I CAN NOT GET MY PICTURE TO COME UP FOR SOME REASON.  I HAVE POSTED A FEW PICS IN ANOTHER THREAD AND IT TOOK AWHILE TO GET THAT TO WORK ALSO.  I MAY TRY AGAIN LATER. THE ROAST SMELLS GOOD ALREADY WITH THE RUB ON IT.

GONNA START THE SMOKER NOW, PLAN TO USE A MIX OF SEASONED OAK AND HICKORY AND MAYBE A LITTLE OF THE GREEN CHERRY.


----------



## pgsmoker64

You might still be in that area where the site holds your pics until the moderators have cleared it.

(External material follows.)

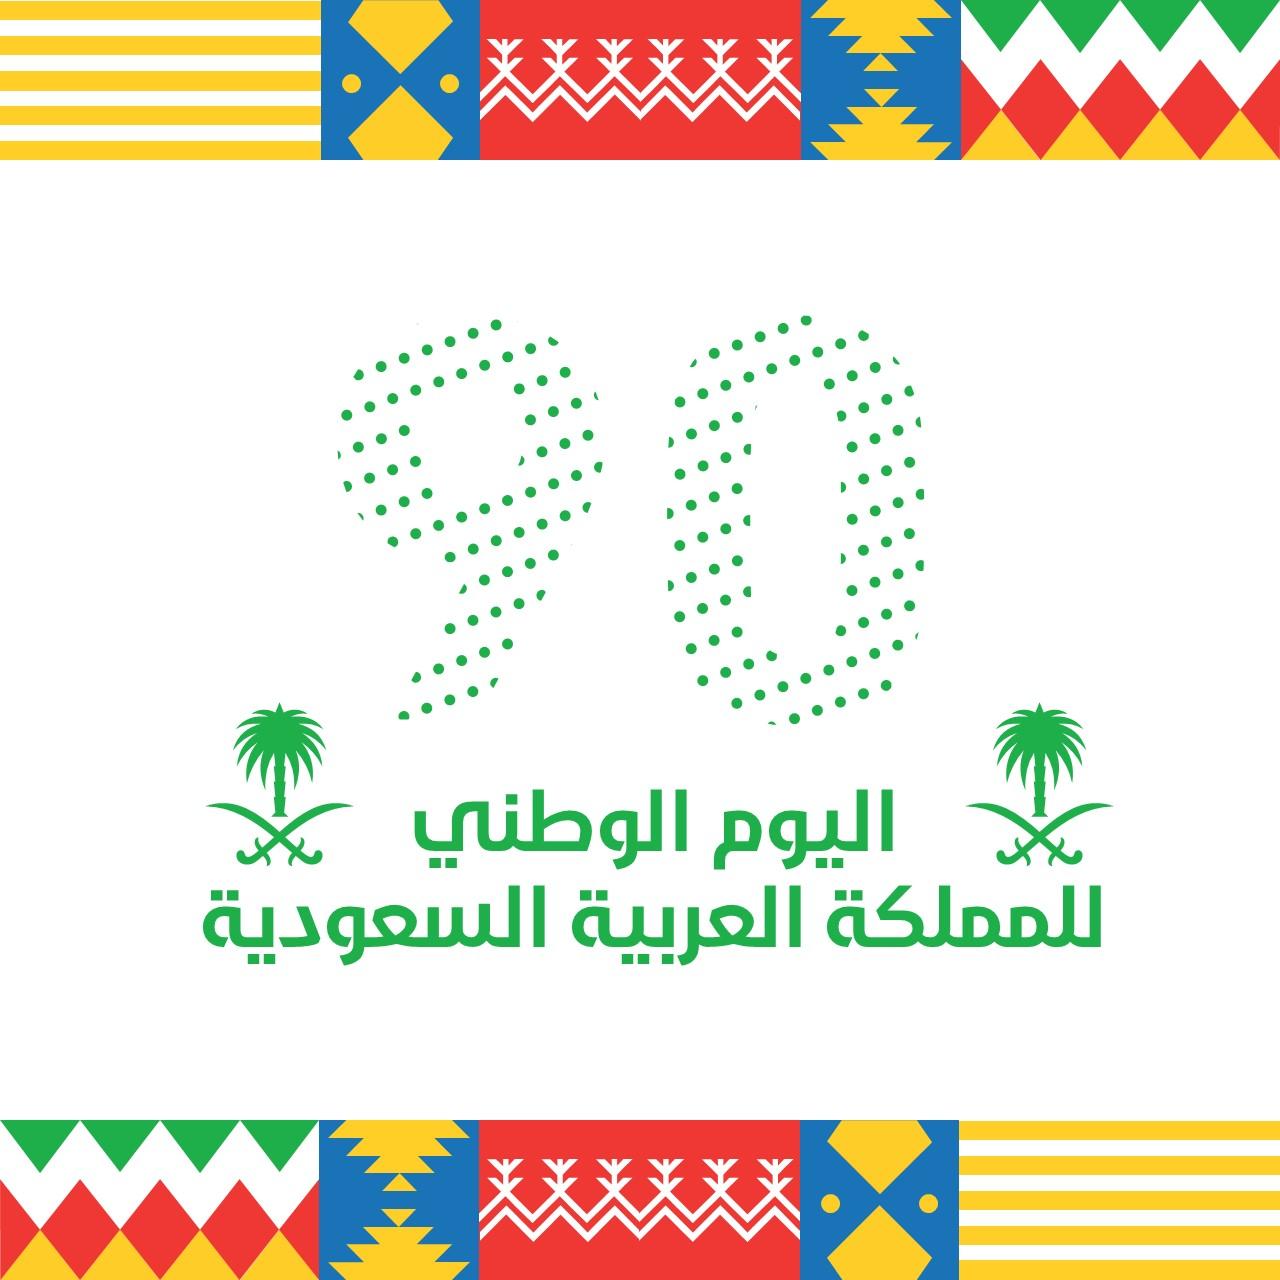 تصميم جاهز عن اليوم الوطني

Once you hit about 30 posts you should be good!

Hang in there.

Bill


----------



## straatshootr

how did this turn out?

so oak moderates the hickory?  hmmm...i'm smoking a roast with mostly hickory and one piece of oak that has already burned up. i want more hickory taste, so maybe next time i wont use the oak on the grill. 

today i got a picnic roast, about 8.6 pounds including bone and fat.  but i split it down the middle to cook quicker.  i got rid of my ecb and have a masterforge regular looking grill that is big enough to cook indirect on with water pan, etc.  but it holds heat and goes up high, and if i dont put more charcoal in it soon enough, the fire will go out too much to restart itself.  so it's a challenge.  my christmas turkey was ruined.  i tried to keep the temps down too much:((( so today, i'm letting it go over 300 sometimes and meat is away from the fire at least.  and i am going by the therm on the outside as far as smoker temp, which i know is not always entirely accurate anyway.  i'm cooking it until its therm says 206, and it looks and feels like it will pull.


----------



## Slinky

sholmes said:


> GONNA SMOKE A PORK ROAST TOMORROW.  I HAVE NEVER SMOKED A PORK ROAST.  ANY ADVICE AND DIRECTION WOULD BE HELPFUL,  RUB, TEMP, WOOD, CHARCOAL?


----------



## Slinky

I did a 3.5 lb shoulder roast today and did it much like a pork butt, I smoked it at 225 till it was internal of 160 then put in foil pan, covered it and took it to about 200. Meat is delicious but a little chewy and a bear to shred. Idk what I should have done different.


----------